What are the unique challenges of managing AI workloads in the cloud?

AI workloads are unpredictable: inference is non-deterministic, resource consumption can scale rapidly, and cost attribution is difficult. Training workloads are predictable but massive, with GPU-intensive runs consuming significant resources. Traditional cost frameworks often fail because they don't account for these unique patterns, leading to underestimation of costs and rapid savings decay.

How does Sedai help avoid common cloud cost management mistakes?

Sedai optimizes against live application signals, such as p95/p99 behavior, SLO boundaries, and real traffic patterns, rather than static averages. It continuously re-evaluates configurations to prevent drift and savings decay. For example, Palo Alto Networks runs over 89,000 production changes through Sedai with zero incidents, as each change is validated against actual workload requirements before being applied.

What is the attribution problem in AI cloud cost management?

Most organizations lack cost-per-inference visibility for AI workloads. While they can see total GPU cluster costs, they often can't attribute spend to specific models, use cases, or teams. This makes it difficult to manage and optimize AI infrastructure costs effectively.

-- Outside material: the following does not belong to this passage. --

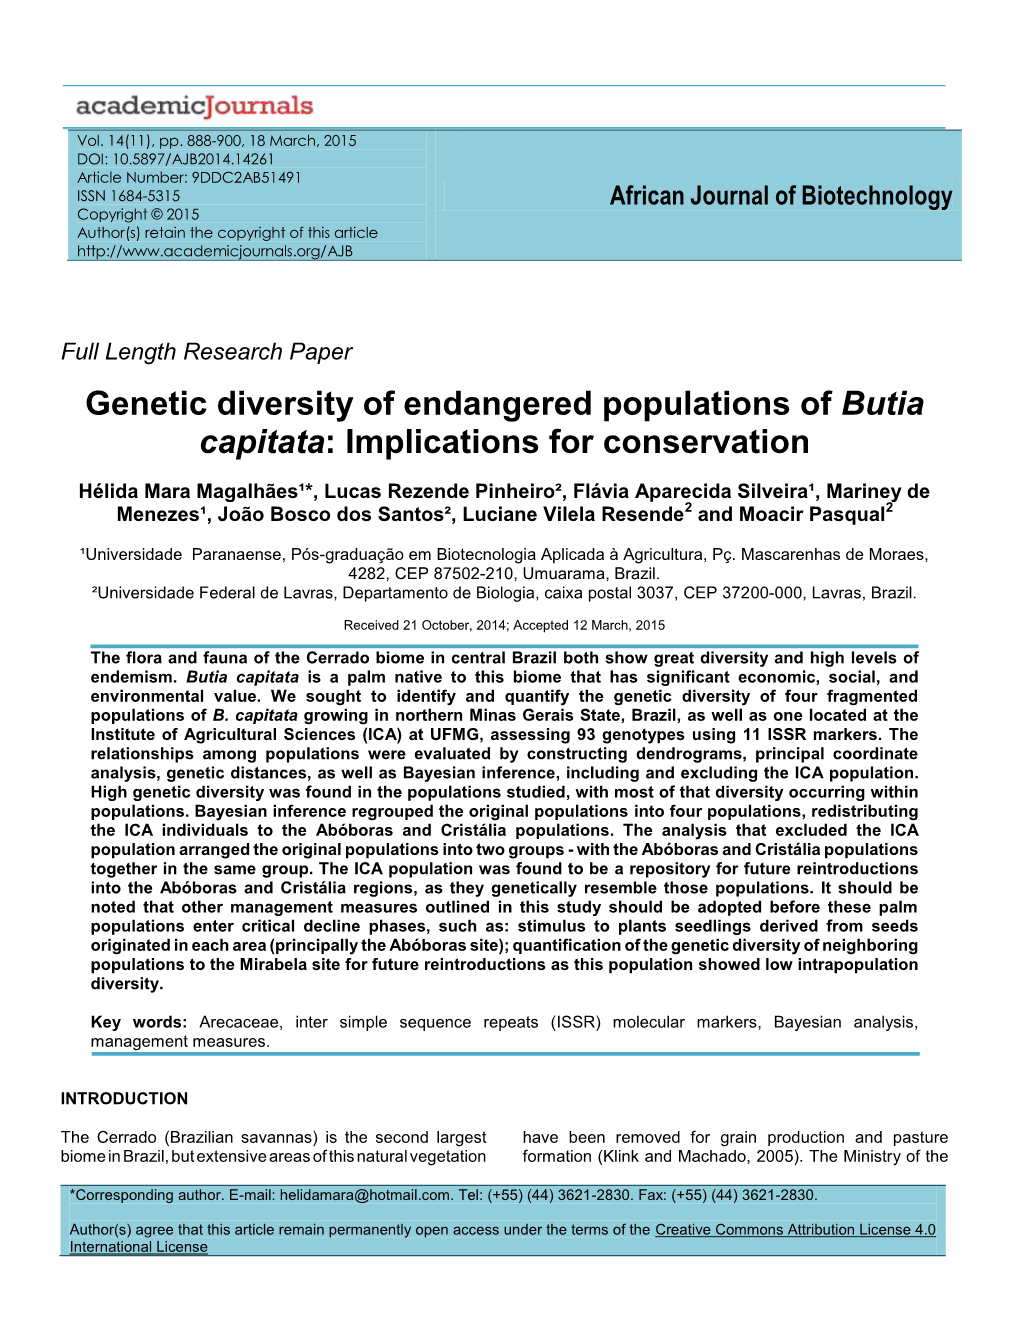 Genetic Diversity of Populations of Butia Capitata Endangered

How does savings decay impact AI workloads differently?

Savings decay compounds faster for AI workloads because model updates and changing inference patterns shift behavior more frequently than traditional application releases. A GPU configuration that was cost-optimal for one model version may be over- or under-provisioned for the next, requiring continuous optimization to maintain efficiency.

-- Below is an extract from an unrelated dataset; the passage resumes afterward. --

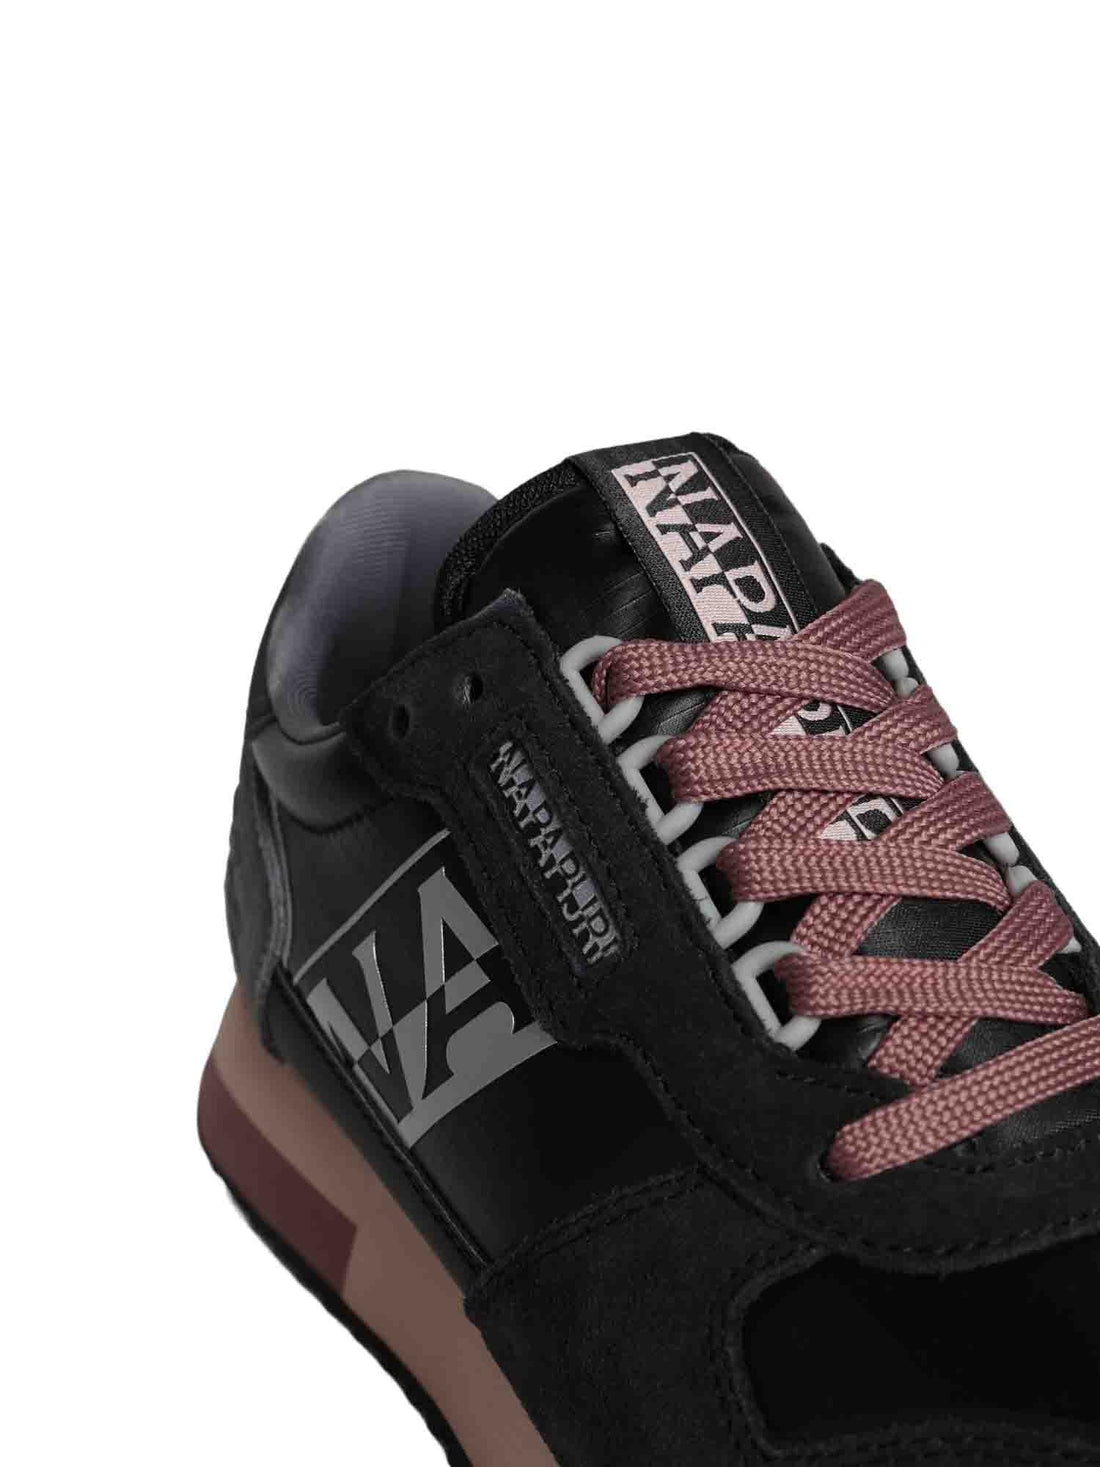 Sneakers Nero Napapijri

What is the risk of using static configurations in dynamic cloud environments?

Static configurations fail to keep up with changing workloads, leading to wasted resources or performance issues. As workloads evolve, static settings become outdated, causing savings to decay and operational risks to increase. Continuous, dynamic optimization is necessary to maintain efficiency and reliability.

How can scheduled shutdown policies reduce non-production cloud costs?

Scheduled shutdown policies that turn off non-production clusters outside business hours can cut non-production costs by 60-70% with minimal impact on development velocity. This approach ensures resources are only running when needed, reducing waste in dev and staging environments.

Why do traditional cost frameworks fail for AI workloads?

Traditional cost frameworks assume predictable resource consumption, but AI workloads are non-deterministic and can scale unpredictably. This leads to underestimation of costs and ineffective optimization when using standard frameworks designed for more predictable workloads.

How does Sedai continuously optimize cloud resources?

Sedai continuously monitors live workload behavior, re-evaluates resource configurations after every deployment, and adjusts settings before waste compounds. This approach prevents savings decay and ensures configurations remain optimal as workloads evolve.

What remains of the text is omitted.